Reflecting the diversity of the prokaryotic viruses, the characteristics of the POGs also widely differ. For instance, the size range spans 2 orders of magnitude, from a minimum of 3 proteins from 3 distinct viruses up to 673 proteins from 378 viruses (Fig. 2). However, most of the POGs are small, with a median size of 5 proteins from 5 viruses. The POGs specific to archaeal viruses comprise 60% of the 149 POGs represented in archaeal viruses (mostly genes with uncharacterized functions) and display an identical median size. The other 40%, namely, those shared with bacteriophages, display a median size of 59 proteins in 61 viruses and encompass virion components such as tail and capsid proteins, virulence-related proteins, and typical mobile elements, such as HNH endonucleases. The paralogy level within the POGs is uniformly low, with 95% containing no paralogs, and fewer than 1% contain multiple paralogs. However, a small number of POGs are (relatively) paralog rich, such as a POG that consists of HNH endonucleases that are present in multiple copies per genome in a third of its member viruses, up to a maximum of 8 copies in Salmonella phage PVP-SE1 and 8 and 7 copies of phytanoyl-coenzyme A (CoA)-dioxygenases in two cyanophages, Prochlorococcus phage P-SSM2 and Synechococcus phage S-SSM7, respectively (30). In these properties, the updated POGs are similar to the previous set (24), although a slight increase in genome coverage with the POGs was observed, as expected due to increases in the depth (number of genomes) and breadth (widely diverse viruses) of genomic sampling.

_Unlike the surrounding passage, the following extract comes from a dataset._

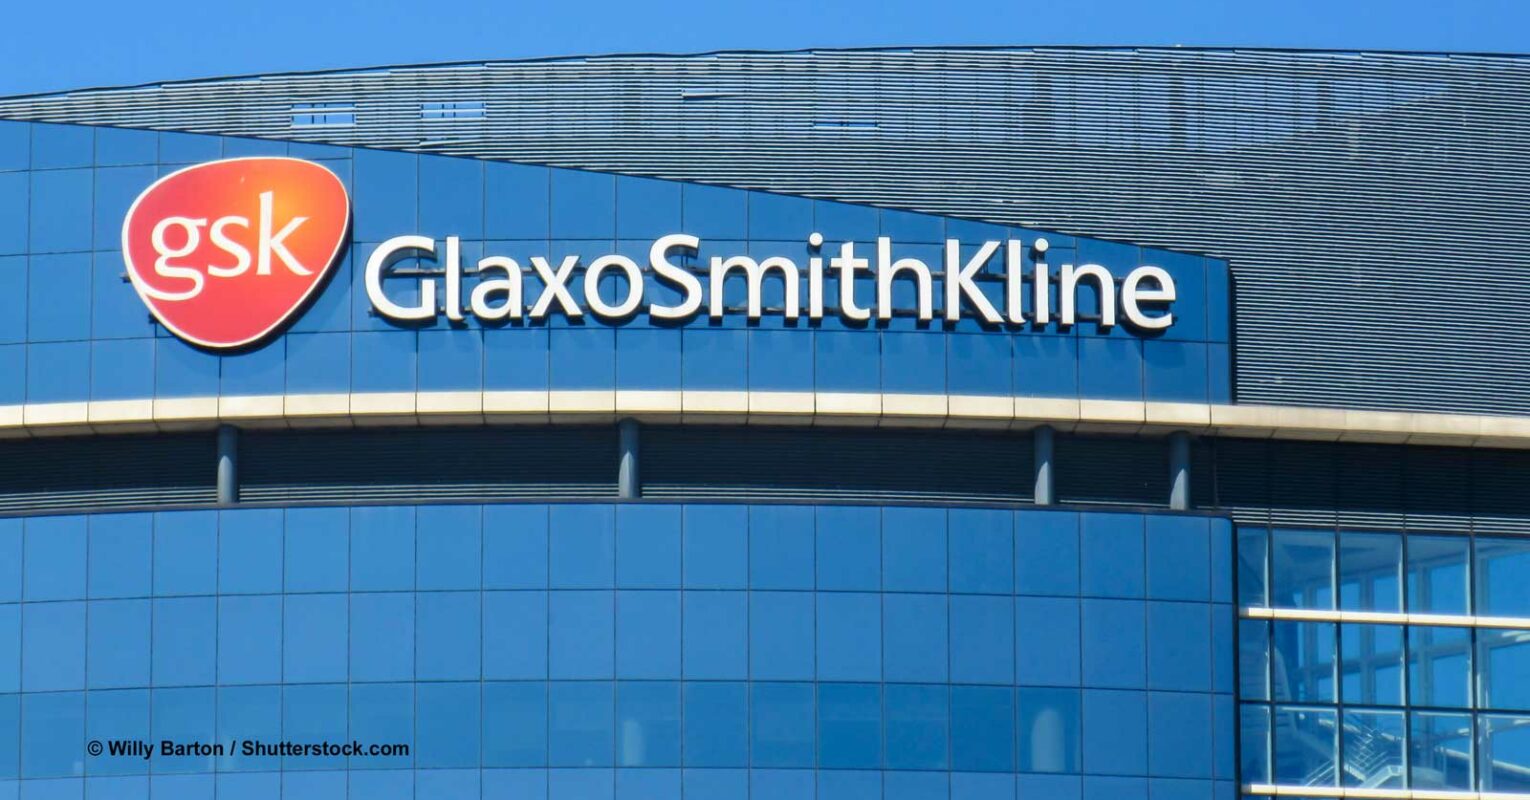 GlaxoSmithKline lehnt Unilever-Offerte von 60 Milliarden Euro ab

Despite the increased density of genomic sampling, no POG was found in more than 37% of the 1,027 virus genomes (Fig. 3). This is in contrast to the conserved gene families of the bacterial and archaeal orthologous clusters, where several proteins are found to be nearly universally present in 100% of all cellular organisms, and in general overall levels of coverage are ~75 to 90% (for instance, 88% of archaeal COGs are found in 41 archaeal genomes) (28, 29). Furthermore, the gene frequency plot for prokaryotes shows a tripartite distribution, with a conserved core found in nearly all organisms under study, a smaller and nearly log-linearly growing shell of genes conserved in a varied number of organisms, and a numerically dominant cloud of genes that are present in only a small number of genomes (31). In the COGs shared between bacteria and archaea, the core consists mostly of the protein components of the translation apparatus, whereas within each prokaryotic domain the core incorporates additional genes, such as those encoding components of the transcription and replication machineries. Conversely, although prokaryotic viruses have a large number of gene families shared among a relatively small number of organisms, they conspicuously lack any semblance of a universal core or even much of a shell, with only 8 genes shared by ≥25% of the 1,027 virus genomes (Fig. 3). The lack of POGs shared among many diverse virus groups suggests that evolution of viruses is substantially distinct from the evolution of their cellular hosts. More specifically, evolution of both cellular life forms and viruses combines tree-like (vertical, from ancestor-to-descendant) and network-like (gene exchange) components (32). Although tree-like evolution might dominate for tight groups of viruses, such as T4-like phages (33), among more distant viruses the network component dominates, with no single underlying tree being detectable (15, 34).
The network of evolutionary relationships between prokaryotic virus genomes.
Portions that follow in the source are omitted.